# Include lawn repair in a commercial plowing contract?



## aczlan (Jan 10, 2009)

I work for a smallish hotel (60 room independent hotel in upstate NY) and every year, the guy who plows the parking lot makes some good sized ruts (2-6" deep) around the parking lot where he piles the snow.
I understand that this is due to the ground not being completely frozen early in the winter and him needing to start his piles far enough back that he doesn't run out of space to stack snow mid-winter, but is it normal to include in the contract that he will come back and fix the ruts that he and his guys make while pushing snow?

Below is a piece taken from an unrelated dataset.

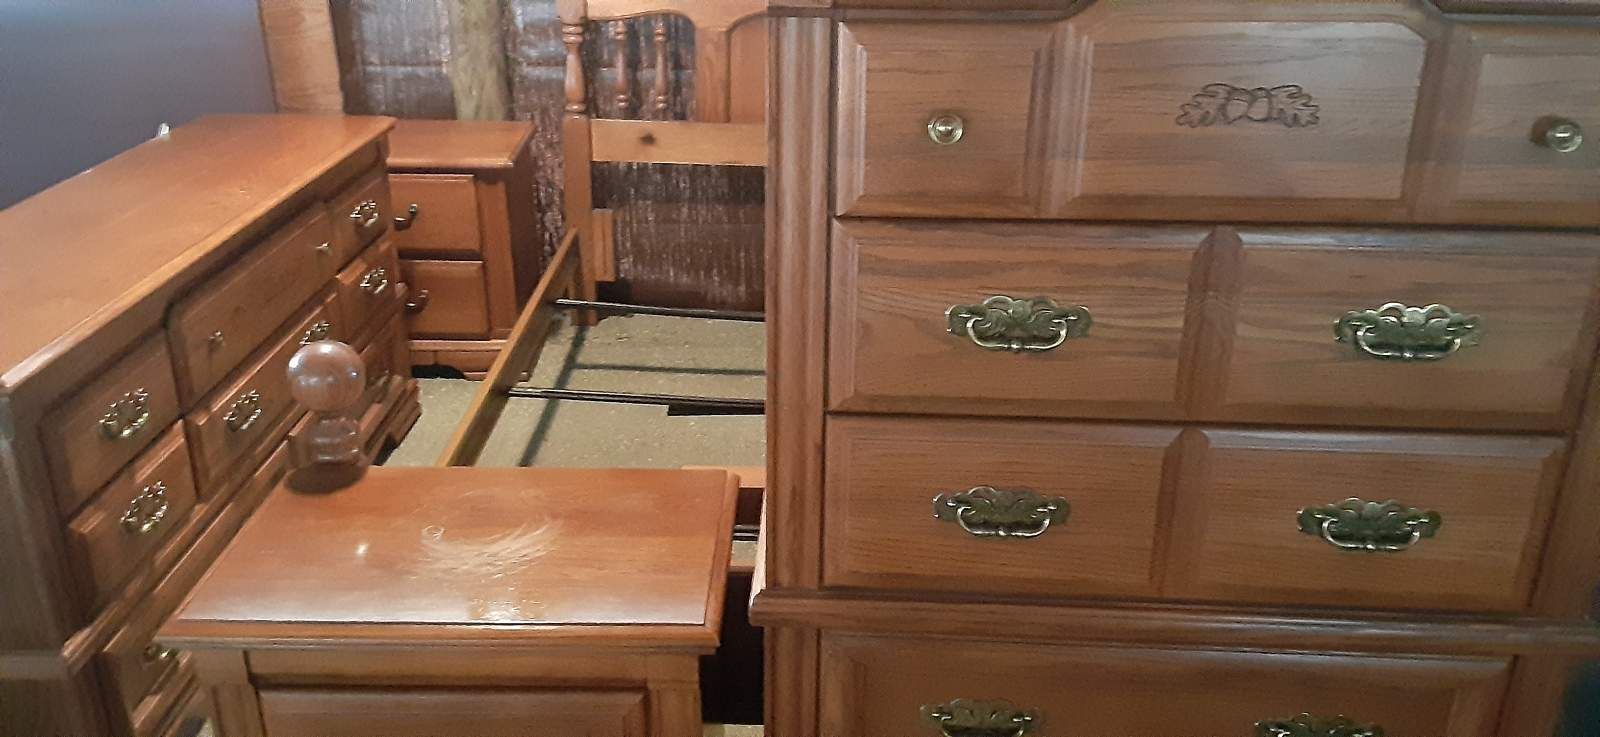 5pc SolidWood Queen Size Broyhill BedroomSet All Like New Bed Frame Chest 2 Nightstands Dresser n Mirror

We fixed them this year and it took 3-4 yards of topsoil to fill them all in (the ruts were from several years of plowing).
I am wondering if we should add to this year's plowing contract that the contractor will repair any lawn damage caused by his trucks (ie ruts or scraping from not lifting the blade on the lawn) or if that is an abnormal condition to have in the contract.

Thanks in advance.

Aaron Z


----------



## grandview (Oct 9, 2005)

Hold last payment til repairs are made.


----------



## aczlan (Jan 10, 2009)

grandview;1323087 said:


> Hold last payment til repairs are made.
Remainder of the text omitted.